USC aims to leave lasting imprint in Sunday’s Pac-12 championship matchup vs. Stanford

LAS VEGAS — As USC players grouped for a pregame meal hours before a gritty scrap with UCLA Friday night, freshman JuJu Watkins walked in and delivered a pregame announcement.

“I got something I wanted to show you guys in the next room,” she said, according to teammate Rayah Marshall.

Before they headed to Vegas for the Pac-12 women’s tournament, Marshall told Watkins: Imagine if we all bought matching shoes. The program’s shoe game, evidently, had been one of slim few points of dissatisfaction across a 25-5 regular season; they wore the same pair of white USC trainers. Not the biggest fans. So when the team ambled towards the treasure in the next room, they found pairs of gold Nike Romaleos waiting for them — plus a set of new white Nikes for the coaching staff — courtesy of one Judea Watkins.

“I’m like, ‘Ju, you’re lit for that,’” Marshall grinned, after Saturday’s practice at MGM Grand Garden Arena.

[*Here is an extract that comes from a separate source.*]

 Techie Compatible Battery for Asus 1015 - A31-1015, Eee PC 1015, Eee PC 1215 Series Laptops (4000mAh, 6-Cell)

As she finished the story, a group of USC players, lingering to get up post-practice shots, erupted and started streaking across the hardwood in glee. Unclear what happened. Marshall didn’t see, either.

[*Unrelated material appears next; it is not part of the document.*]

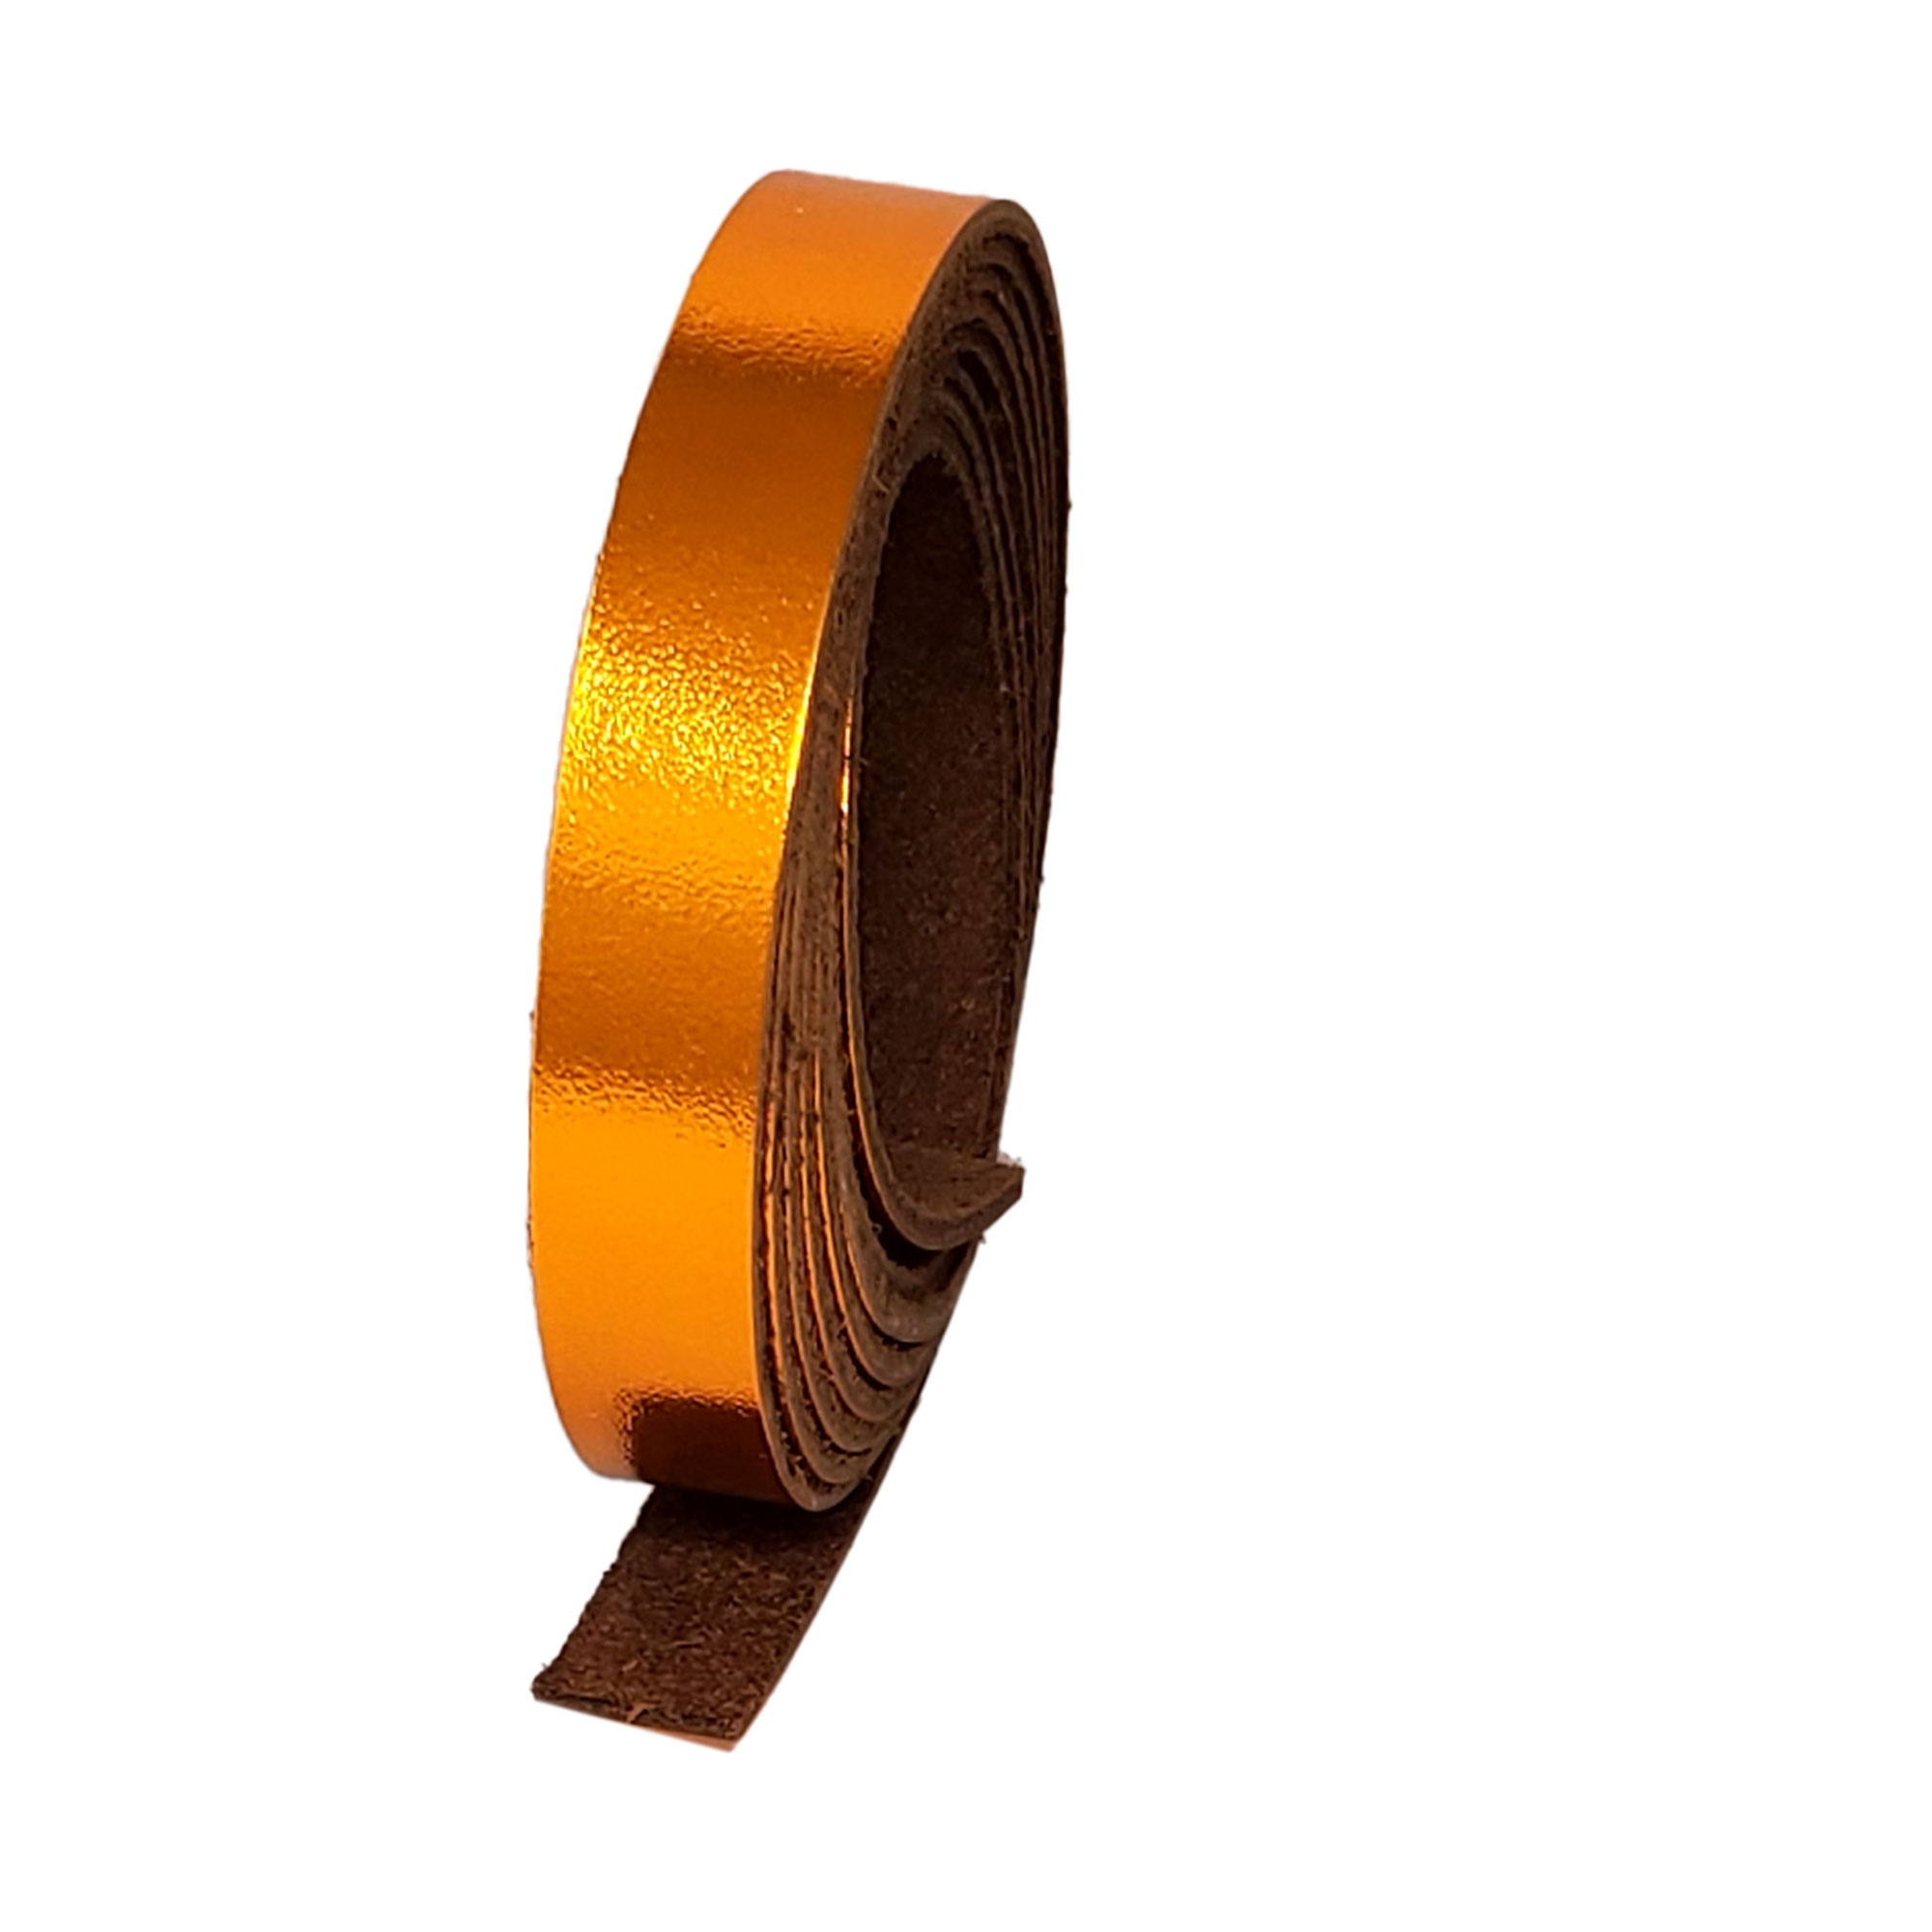 Leather Straps for Crafts, 1/2 Wide Full Grain Leather Strips(Brown)

“Speaking of lit,’” Marshall laughed, on cue.

Coach Lindsay Gottlieb’s message to her team, ever since the trip to Vegas, has been simple: Have joy. Levity. They earned this. And the joy is rampant, even after a grueling 80-70 double-overtime win over UCLA Friday night that left Marshall with a puffy eye and Watkins with a sprained left ankle. With that joy, too, comes a sense of urgency — an opportunity in front of them, suddenly, for a group that’s in the final stages of a radical three-year transformation to leave the very final imprint on a legendary conference.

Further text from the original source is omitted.